• [WHAT THE TASK REQUIRES] Among the entries below, find the line with "Amsterdam training rooms", then quote it and each following line up to and including the line with "Ameriwood Home Southlander", and nothing else.

• [MATERIAL SUPPLIED]

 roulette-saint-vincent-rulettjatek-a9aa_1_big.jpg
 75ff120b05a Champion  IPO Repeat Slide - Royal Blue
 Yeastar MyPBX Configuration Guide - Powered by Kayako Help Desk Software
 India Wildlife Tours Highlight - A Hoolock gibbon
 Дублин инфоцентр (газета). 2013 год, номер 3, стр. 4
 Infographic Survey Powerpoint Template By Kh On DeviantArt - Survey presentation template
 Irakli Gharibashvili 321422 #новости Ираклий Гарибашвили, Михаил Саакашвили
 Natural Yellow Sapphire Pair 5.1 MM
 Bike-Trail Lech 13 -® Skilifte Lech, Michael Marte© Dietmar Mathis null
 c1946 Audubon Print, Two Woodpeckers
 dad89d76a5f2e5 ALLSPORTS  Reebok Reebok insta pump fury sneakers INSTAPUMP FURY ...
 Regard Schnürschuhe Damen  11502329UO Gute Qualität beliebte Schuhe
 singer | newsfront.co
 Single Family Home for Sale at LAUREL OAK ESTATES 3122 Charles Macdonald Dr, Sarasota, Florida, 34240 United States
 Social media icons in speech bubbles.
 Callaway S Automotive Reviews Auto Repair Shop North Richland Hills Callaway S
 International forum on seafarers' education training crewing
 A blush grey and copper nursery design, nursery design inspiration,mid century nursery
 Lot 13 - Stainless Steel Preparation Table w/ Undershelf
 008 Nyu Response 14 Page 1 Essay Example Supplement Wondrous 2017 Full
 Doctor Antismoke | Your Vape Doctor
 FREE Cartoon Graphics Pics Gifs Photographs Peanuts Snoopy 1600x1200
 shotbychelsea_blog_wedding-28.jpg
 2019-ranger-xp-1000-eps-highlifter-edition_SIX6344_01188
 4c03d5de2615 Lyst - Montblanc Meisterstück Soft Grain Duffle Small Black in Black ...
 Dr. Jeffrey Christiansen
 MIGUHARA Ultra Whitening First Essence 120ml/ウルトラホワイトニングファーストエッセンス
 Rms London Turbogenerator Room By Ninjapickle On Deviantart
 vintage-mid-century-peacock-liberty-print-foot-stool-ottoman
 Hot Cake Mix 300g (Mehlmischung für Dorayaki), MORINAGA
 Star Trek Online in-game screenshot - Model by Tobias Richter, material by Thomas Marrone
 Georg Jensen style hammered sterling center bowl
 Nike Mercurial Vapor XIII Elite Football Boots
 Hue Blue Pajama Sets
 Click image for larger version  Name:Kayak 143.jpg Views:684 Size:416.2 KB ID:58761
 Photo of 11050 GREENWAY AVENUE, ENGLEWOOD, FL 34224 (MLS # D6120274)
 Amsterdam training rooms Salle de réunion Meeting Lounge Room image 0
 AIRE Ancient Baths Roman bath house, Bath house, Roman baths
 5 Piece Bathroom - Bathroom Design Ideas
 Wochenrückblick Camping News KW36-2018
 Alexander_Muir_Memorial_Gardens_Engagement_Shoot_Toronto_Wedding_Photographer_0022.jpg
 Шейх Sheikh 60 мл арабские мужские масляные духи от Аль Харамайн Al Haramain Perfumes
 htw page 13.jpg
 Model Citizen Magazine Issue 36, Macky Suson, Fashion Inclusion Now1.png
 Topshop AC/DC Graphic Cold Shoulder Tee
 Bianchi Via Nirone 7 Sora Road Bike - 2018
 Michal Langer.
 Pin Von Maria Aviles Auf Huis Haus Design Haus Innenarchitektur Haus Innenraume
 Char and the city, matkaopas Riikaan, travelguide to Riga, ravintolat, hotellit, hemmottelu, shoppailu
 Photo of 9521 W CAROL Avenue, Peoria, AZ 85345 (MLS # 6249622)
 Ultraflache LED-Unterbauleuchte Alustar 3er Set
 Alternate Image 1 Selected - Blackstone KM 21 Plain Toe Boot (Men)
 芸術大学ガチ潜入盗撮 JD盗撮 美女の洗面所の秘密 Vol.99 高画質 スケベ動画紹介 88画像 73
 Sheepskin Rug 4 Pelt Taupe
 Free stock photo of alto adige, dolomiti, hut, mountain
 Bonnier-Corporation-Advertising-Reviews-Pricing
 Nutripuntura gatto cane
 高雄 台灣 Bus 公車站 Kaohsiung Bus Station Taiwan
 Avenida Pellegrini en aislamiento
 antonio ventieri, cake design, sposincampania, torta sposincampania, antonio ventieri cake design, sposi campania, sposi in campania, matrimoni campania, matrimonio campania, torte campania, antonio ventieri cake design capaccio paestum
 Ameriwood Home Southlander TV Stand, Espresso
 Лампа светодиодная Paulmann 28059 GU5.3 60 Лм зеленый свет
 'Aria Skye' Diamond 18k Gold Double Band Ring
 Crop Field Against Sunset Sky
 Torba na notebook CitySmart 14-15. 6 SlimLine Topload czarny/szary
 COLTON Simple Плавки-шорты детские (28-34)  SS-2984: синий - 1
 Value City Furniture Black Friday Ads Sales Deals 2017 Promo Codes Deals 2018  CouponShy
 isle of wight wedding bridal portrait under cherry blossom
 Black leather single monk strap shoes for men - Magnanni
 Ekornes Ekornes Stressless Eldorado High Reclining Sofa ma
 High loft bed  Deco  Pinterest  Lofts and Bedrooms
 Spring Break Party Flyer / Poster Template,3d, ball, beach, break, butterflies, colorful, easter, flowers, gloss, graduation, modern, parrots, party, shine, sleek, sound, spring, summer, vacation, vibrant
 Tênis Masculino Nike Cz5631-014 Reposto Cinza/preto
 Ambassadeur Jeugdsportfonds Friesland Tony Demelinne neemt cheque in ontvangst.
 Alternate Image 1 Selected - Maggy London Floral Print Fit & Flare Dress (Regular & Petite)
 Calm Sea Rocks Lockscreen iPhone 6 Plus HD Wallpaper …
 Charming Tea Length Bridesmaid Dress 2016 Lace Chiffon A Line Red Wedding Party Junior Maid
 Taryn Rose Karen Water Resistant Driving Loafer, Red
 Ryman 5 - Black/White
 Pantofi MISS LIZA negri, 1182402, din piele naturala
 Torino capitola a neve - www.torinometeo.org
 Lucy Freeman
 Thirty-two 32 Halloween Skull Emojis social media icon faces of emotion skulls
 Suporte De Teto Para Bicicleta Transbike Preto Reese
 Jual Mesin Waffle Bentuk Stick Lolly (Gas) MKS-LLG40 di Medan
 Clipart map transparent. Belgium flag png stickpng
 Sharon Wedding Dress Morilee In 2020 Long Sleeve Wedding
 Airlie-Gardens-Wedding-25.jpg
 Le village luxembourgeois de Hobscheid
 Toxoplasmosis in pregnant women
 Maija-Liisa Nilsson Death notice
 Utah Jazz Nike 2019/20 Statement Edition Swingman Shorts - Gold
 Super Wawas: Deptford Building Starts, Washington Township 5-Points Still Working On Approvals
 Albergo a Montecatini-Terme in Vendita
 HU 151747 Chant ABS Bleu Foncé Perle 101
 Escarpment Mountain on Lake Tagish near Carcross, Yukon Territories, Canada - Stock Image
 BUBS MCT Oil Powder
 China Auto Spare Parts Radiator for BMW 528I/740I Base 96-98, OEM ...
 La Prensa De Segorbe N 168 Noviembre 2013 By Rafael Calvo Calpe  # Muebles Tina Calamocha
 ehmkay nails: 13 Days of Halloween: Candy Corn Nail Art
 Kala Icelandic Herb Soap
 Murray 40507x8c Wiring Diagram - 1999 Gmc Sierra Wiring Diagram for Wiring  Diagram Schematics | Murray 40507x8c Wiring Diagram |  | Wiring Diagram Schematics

• [YOUR RESPONSE]
 Amsterdam training rooms Salle de réunion Meeting Lounge Room image 0
 AIRE Ancient Baths Roman bath house, Bath house, Roman baths
 5 Piece Bathroom - Bathroom Design Ideas
 Wochenrückblick Camping News KW36-2018
 Alexander_Muir_Memorial_Gardens_Engagement_Shoot_Toronto_Wedding_Photographer_0022.jpg
 Шейх Sheikh 60 мл арабские мужские масляные духи от Аль Харамайн Al Haramain Perfumes
 htw page 13.jpg
 Model Citizen Magazine Issue 36, Macky Suson, Fashion Inclusion Now1.png
 Topshop AC/DC Graphic Cold Shoulder Tee
 Bianchi Via Nirone 7 Sora Road Bike - 2018
 Michal Langer.
 Pin Von Maria Aviles Auf Huis Haus Design Haus Innenarchitektur Haus Innenraume
 Char and the city, matkaopas Riikaan, travelguide to Riga, ravintolat, hotellit, hemmottelu, shoppailu
 Photo of 9521 W CAROL Avenue, Peoria, AZ 85345 (MLS # 6249622)
 Ultraflache LED-Unterbauleuchte Alustar 3er Set
 Alternate Image 1 Selected - Blackstone KM 21 Plain Toe Boot (Men)
 芸術大学ガチ潜入盗撮 JD盗撮 美女の洗面所の秘密 Vol.99 高画質 スケベ動画紹介 88画像 73
 Sheepskin Rug 4 Pelt Taupe
 Free stock photo of alto adige, dolomiti, hut, mountain
 Bonnier-Corporation-Advertising-Reviews-Pricing
 Nutripuntura gatto cane
 高雄 台灣 Bus 公車站 Kaohsiung Bus Station Taiwan
 Avenida Pellegrini en aislamiento
 antonio ventieri, cake design, sposincampania, torta sposincampania, antonio ventieri cake design, sposi campania, sposi in campania, matrimoni campania, matrimonio campania, torte campania, antonio ventieri cake design capaccio paestum
 Ameriwood Home Southlander TV Stand, Espresso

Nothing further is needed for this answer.